London Enjoys Record-Setting $237 Million Penthouse Sale

Residential News » Europe Residential News Edition | By Michael Gerrity | May 5, 2014 10:43 AM ET



As previously reported by World Property Channel, London continues to set the bar when it comes to 'super-prime' luxury property sales around the world. Only Hong Kong, Monaco and New York City are commanding similar 5-digit 'per square foot' pricing power (in US Dollars).
 
To validate the point One Hyde Park announced this week the sale of an opulent 16,000 square foot penthouse for 140 million pounds (237 million US dollars).
 
Aided by wealthy Russian oligarchs and Arab sheikhs, London has become one of the most expensive markets on earth, raising concerns that locals are being squeezed out of the market. This is the same 'price-squeeze' phenomena playing out in other high price growth cities around the world like San Francisco.
 
"We're in boom-time prices, more expensive than we've ever been in the history of mankind," Nick Candy, one of the developers of London's One Hyde Park luxury apartments, at the pinnacle of the capital's super-prime residential sector, told Reuters.

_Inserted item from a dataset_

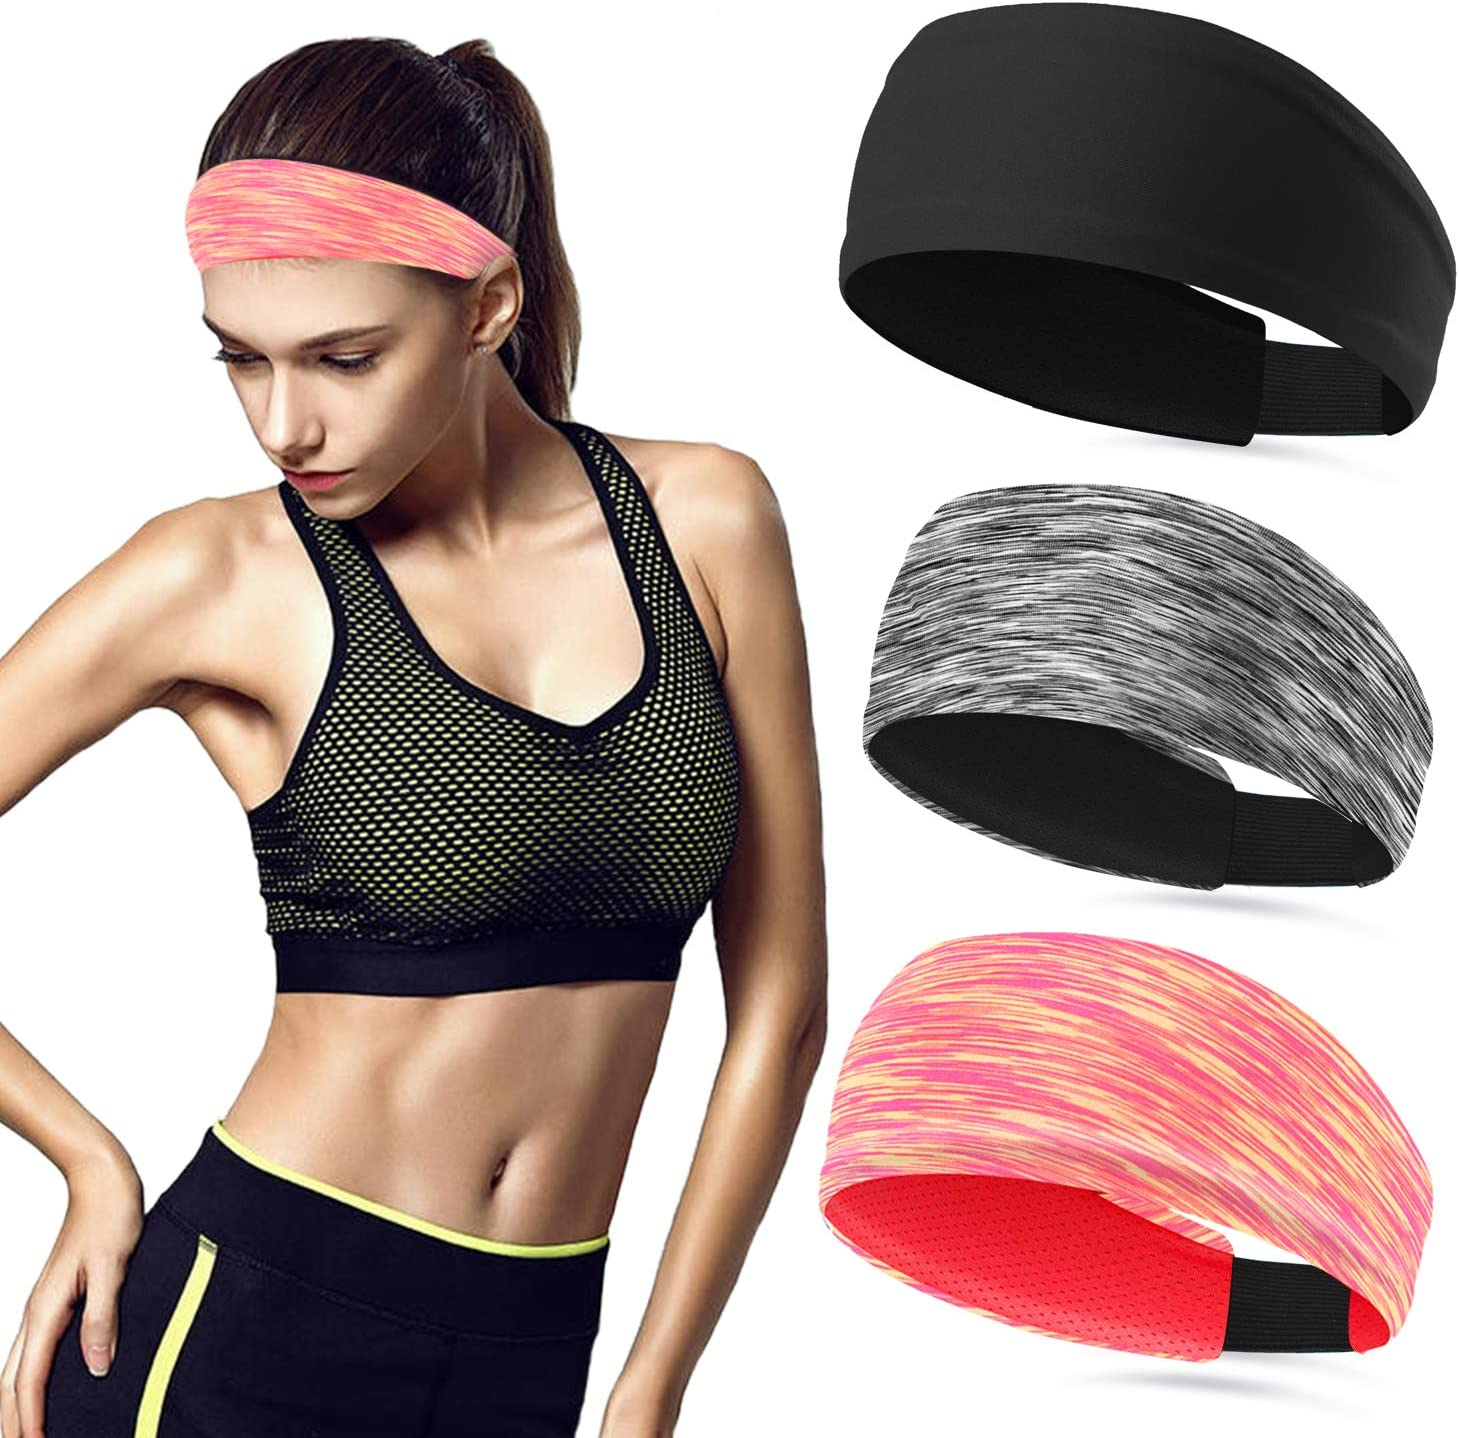 Sweat Bands No Slip Finally popular brand Fashion Workout Save money Women Headbands for Headband

"There is a concern over the market overheating ... Everyone thinks the main central London is doing so well, (so) the ripple effect is going throughout the UK, and some of the prices being achieved are probably unrealistic and not sustainable."

Yet money still flows in.

Once source said the record-setting penthouse purchase at the One Hyde Park was an Eastern European buyer.

Britain's previous record for an apartment was set three years ago by Ukrainian billionaire Rinat Akhemtov, who paid 136 million pounds ($229 million USD) for both a penthouse and apartment at One Hyde Park and merged them together into one single unit.

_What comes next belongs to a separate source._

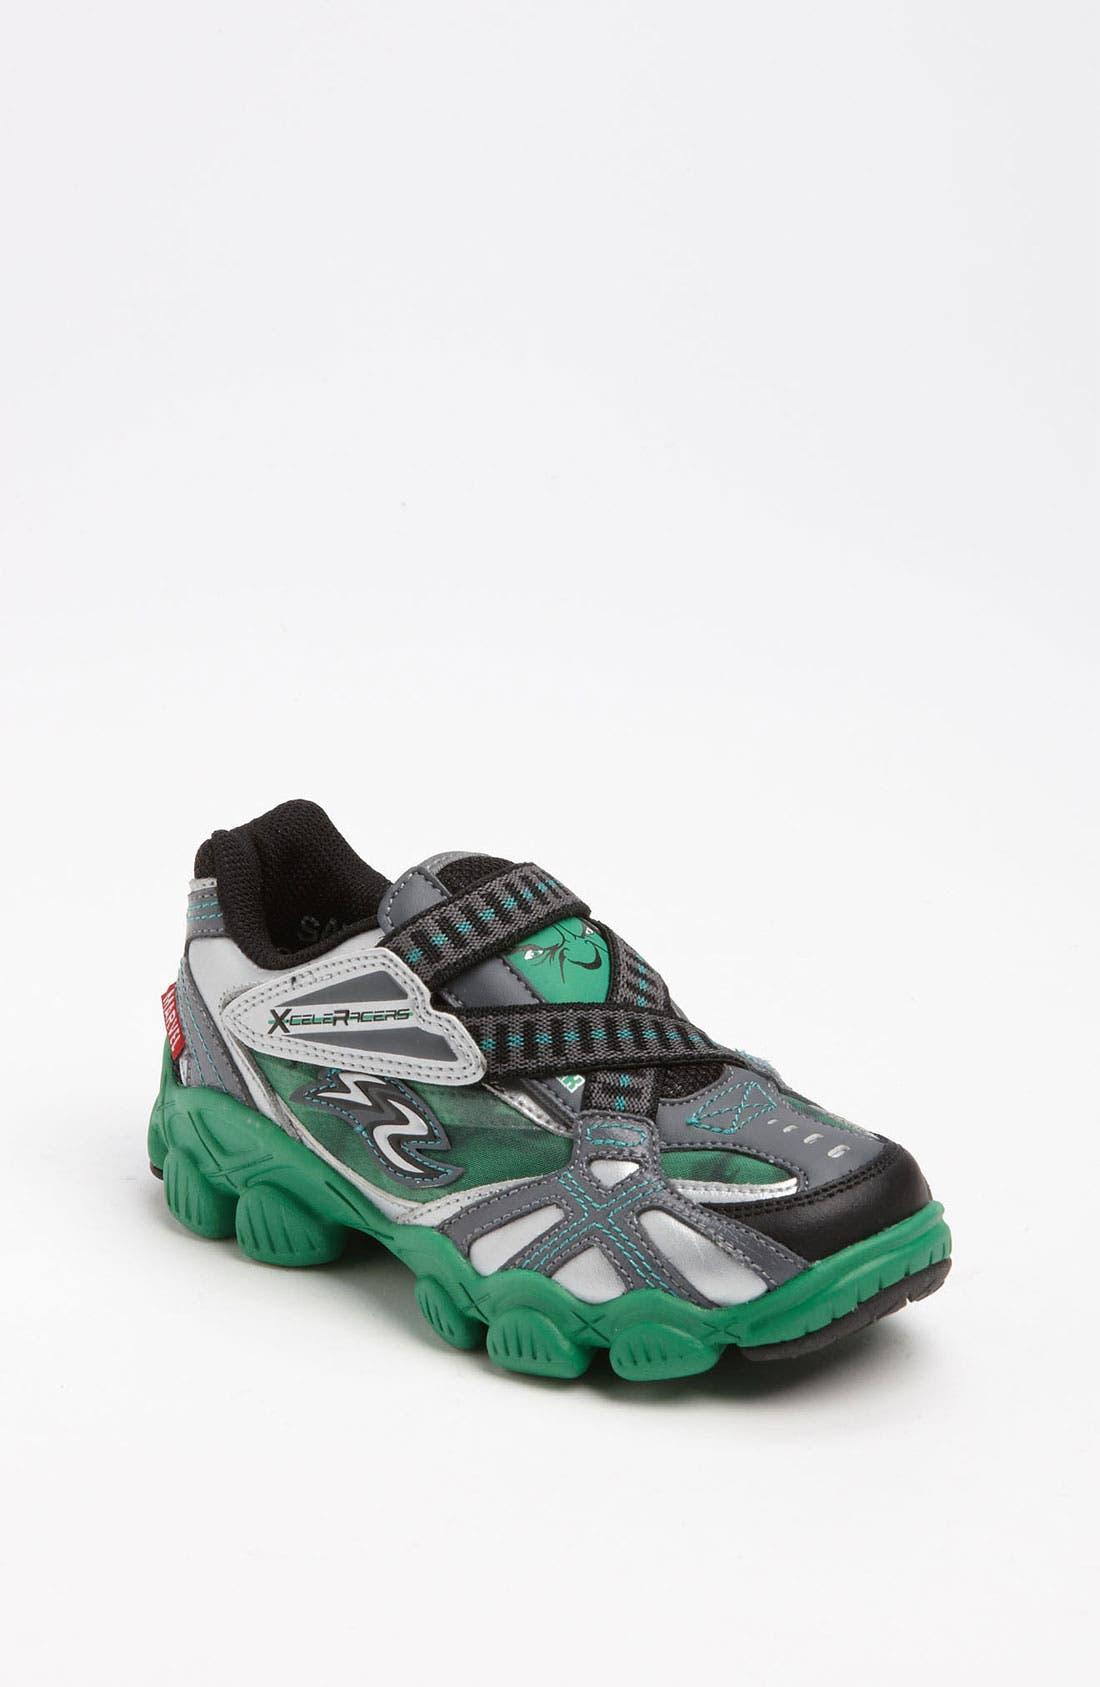 Main Image - Stride Ride 'X-Celeracers Hulk®' Sneaker (Toddler & Little Kid)

Yet while the uber-wealthy Russians and Arabs keep coming to London's high-end property market, many of Asia's high-net worth families are not feeling the same love from London as World Property Channel previously reported in a story titled: Asian Buyers Feel Unwelcomed in London.

Asian buyers are increasingly worried about anti-foreigner sentiment in both the government and the British public that has already led to an increase in capital-gains tax as of April 15, 2014.